We assume the spectrum exists. In this context it is defined as :

$$\Phi_s(\omega) = \sum_{\tau=-\infty}^{+\infty}R_s(\tau)e^{-i\omega\tau}\tag{4}\label{eq4}$$

My question bears on question (ii) of the following exercise : $$\begin{split} &\textbf{(i) : }\quad \forall\omega\in\mathbb{R}\quad\Phi_s(\omega) \quad\text{is real }\\ &\textbf{(ii) : }\quad \forall\omega\in\mathbb{R}\quad\Phi_s(\omega)\geq 0\\ &\textbf{(iii) : }\quad \forall\omega\in\mathbb{R}\quad\Phi_s(\omega)=\Phi_s(-\omega)\\ \end{split}$$

Quickly, the answer for (i) and (iii) :

Remark how in \ref{eq3} the sum starts at $$t=1$$ so, by convention we can set $$s(t)=0$$ for $$t\leq 0$$. Then we may note that : $$\forall N\geq 1\quad \sum_{t=1}^{N}s(t)s(t+\tau)=\sum_{k=\tau+1}^{N+\tau}s(k)s(k-\tau)$$ then via the definition \ref{eq3}, it comes easy that :

$$\forall\tau\in\mathbb{Z}\quad R_s(\tau)=R_s(-\tau)\tag{5}\label{eq5}$$

from that, by using this symmetry in the sum of \ref{eq4}, we get :

$$\Phi_s(\omega) =R_s(0) +2\sum_{\tau=1}^{+\infty}R_s(\tau)cos(\omega\tau)\tag{6}\label{eq6}$$

which instantly solves (i) and (iii).

Now, how to solve (ii)? Here is what I tried :

I thought that probably $$\Phi_s$$ is continuous. Then if we can show that, except if $$s=0$$ $$\Phi_s$$ does not cancel then $$\Phi_s$$ is of constant sign. Just one evaluation (maybe $$\Phi_s(0)\leq 0$$?) and then we're good but I don't know how to proceed.

Another idea I had is that if I have $$\sum_{\tau=-\infty}^{+\infty}\vert R_s(\tau)\vert < R_s(0)\tag{7}\label{eq7}$$ then I can conclude. But I cannot even show that the sum in \ref{eq7} exists. All I have is that I'm pretty sure that the relation \ref{eq3} defines a scalar product and therefore, by Cauchy Schwarz, we should get that :

$$\forall \tau\in\mathbb{Z}\quad R_s(\tau)\leq R_s(0)$$

Does anybody know how to solve this? I'm sure I missed something stupid.

NOTE : I already asked this question in math stackexchange where it had very little success but given the question it felt legit to ask it here. I hope it's ok.

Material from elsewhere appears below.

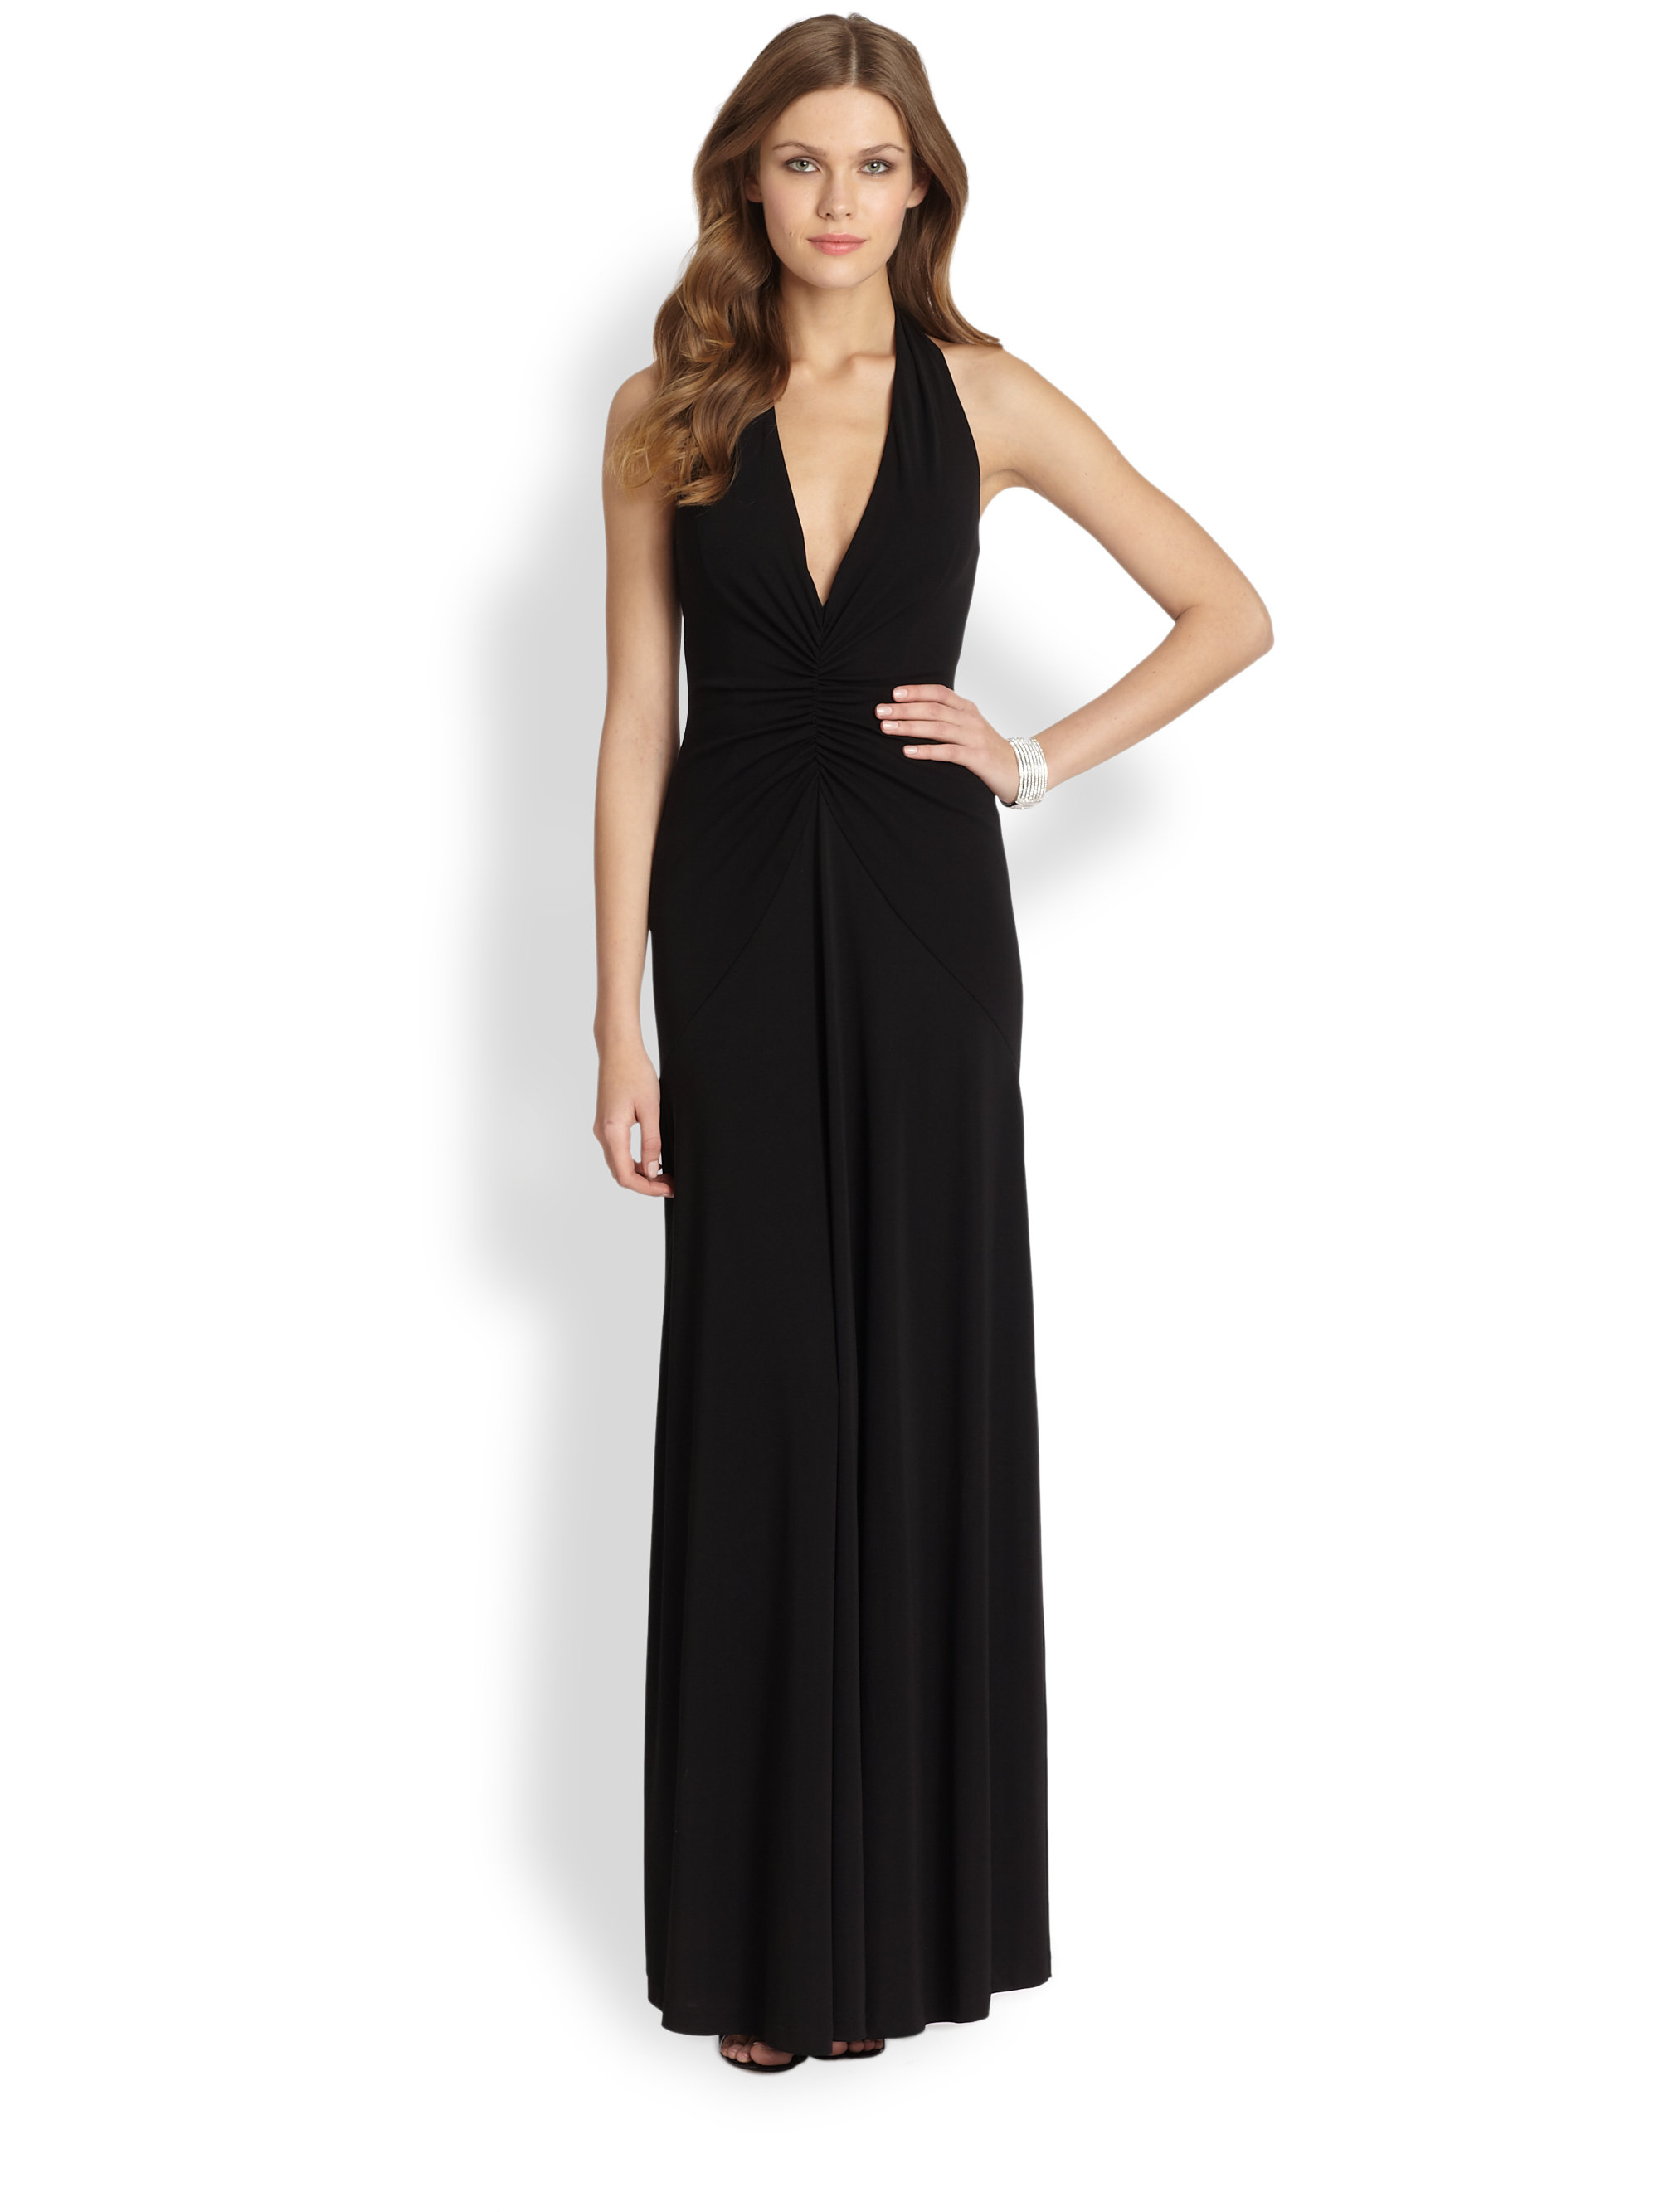 Lyst - Nicole Miller Jersey Halter Gown in Black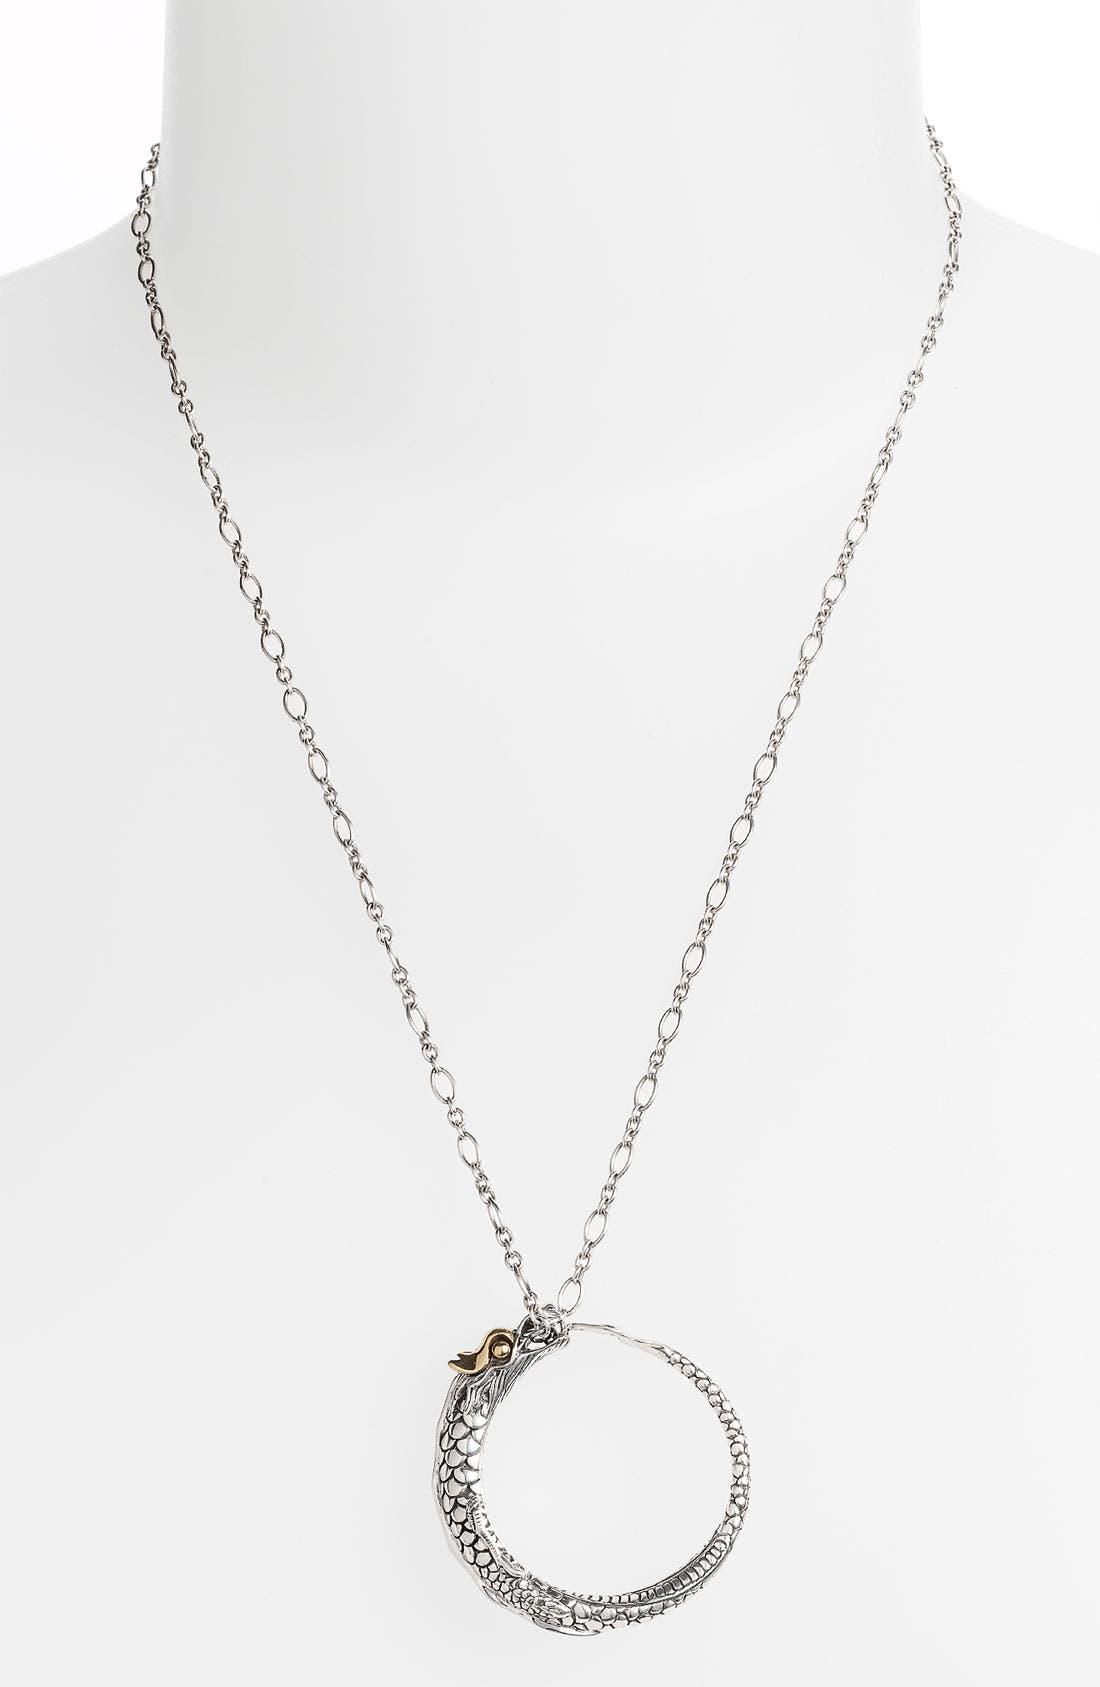 Alternate Image 1 Selected - John Hardy 'Naga' Pendant Necklace

Note that since the power spectrum is the DTFT of the auto-correlation function, we have

$$R_s[n]=\frac{1}{2\pi}\int_{-\pi}^{\pi}\Phi_s(\omega)e^{jn\omega}d\omega\tag{1}$$

Since $$R_s$$ equals the power of the the process $$s(t)$$, it follows that

$$R_s=\frac{1}{2\pi}\int_{-\pi}^{\pi}\Phi_s(\omega)d\omega\ge 0\tag{2}$$

We can define a new process $$\tilde{s}(t)$$ which is a bandpass filtered version of $$s(t)$$ with no frequency components outside the interval $$[\omega_1,\omega_2]$$. The power of $$\tilde{s}(t)$$ is

$$R_{\tilde{s}}=\frac{1}{\pi}\int_{\omega_1}^{\omega_2}\Phi_s(\omega)d\omega\ge 0\tag{3}$$

where I've used the fact that $$\Phi_s(\omega)=\Phi_s(-\omega)$$.

Eq. $$(3)$$ must be true for any interval $$[\omega_1,\omega_2]$$, which is only possible if $$\Phi_s(\omega)\ge 0$$ holds.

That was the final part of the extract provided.